Eine "Vorbehandlung" der Eisenerze erfolgt in der Sinteranlage. Sie ist ein Teil des Hochofenbetriebes. Dort wird als Vorstufe der Roheisenerzeugung Feinerz mit Koks und Kalk bei ca. 1200 °C zusammengebacken und anschließend gebrochen. Zusätzlich werden bestimmte hochwertige Kreislaufstoffe aus dem Bereich der Eisen- und Stahlindustrie eingesetzt.

Hierbei handelt es sich je nach Genehmigung um Gichtgasstaub, ölfreien Zunder und Staub aus den Filtern der Sinteranlage (über diese Filter wird die Abluft und die Raumluft der Sinteranlage geführt).

An folgenden Punkten einer ausgewählten Sinteranlage wurden Messungen der Dioxine und Furane in der Luft durchgeführt (Bild 5-3):

Bild 5-3:
Dioxin- und Furan-Messungen an einer Sinteranlage

MessortAnzahl
Außenluft an der dem Wind zugewandten Seite1
Leitwarten2
Sinterband Ofenbühne4
Sinterband Stachelbrecher1
Filteranlage1

Die Messorte in der Sinteranlage sind nach Dauerarbeitsplätzen (Leitwarten) und vorübergehenden Arbeitsplätzen zu unterscheiden.

Arbeitsplätze, an denen sich Mitarbeiter nur bei Wartung und Reparatur aufhalten, befinden sich im Elektrofilter und auf der Ofenbühne.

Dort laufen zwei Sinterbänder. An diesen befindet sich an einem Ende der Ofen, mit dem der Sinter gezündet wird und am anderen Ende der Stachelbrecher, in dem der zusammengebackene Sinter zerkleinert wird.

Bei den Messungen stand jeweils ein Band wegen Reparaturarbeiten still.

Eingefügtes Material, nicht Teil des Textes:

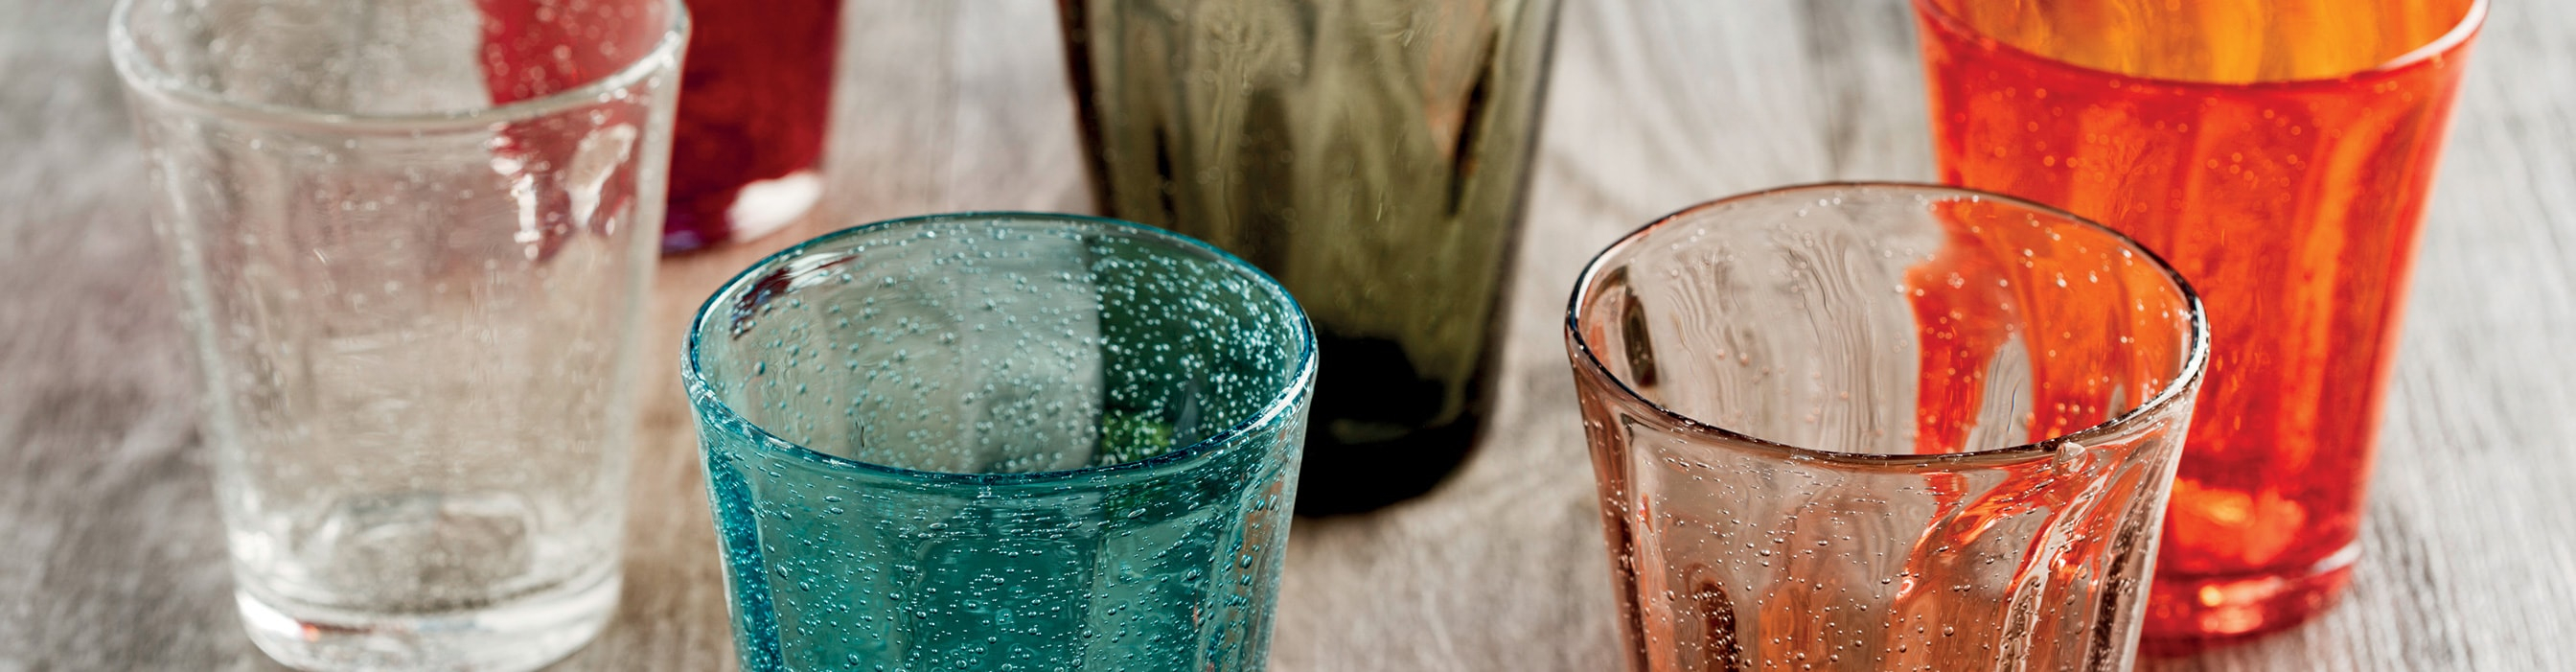 Bicchieri per acqua e vino per Ristoranti, Alberghi, Bar - Tognana

Die Messpunkte bei der ersten Messkampagne befanden sich neben dem stehenden Band und am Stachelbrecher. Aufgrund der Höhe des Messwertes am Sinterband erfolgte dort eine Wiederholungsmessung. Dazu wurden drei Messpunkte am Sinterband festgelegt:

  1. 1.

    Anfang des stehenden Sinterbandes

  2. 2.

    Ende des stehenden Sinterbandes

  3. 3.

    zwischen den beiden Sinterbändern

Zusätzlich wurde an der Sinteranlage zum Vergleich eine Außenluftmessung an der dem Wind zugewandten Seite durchgeführt.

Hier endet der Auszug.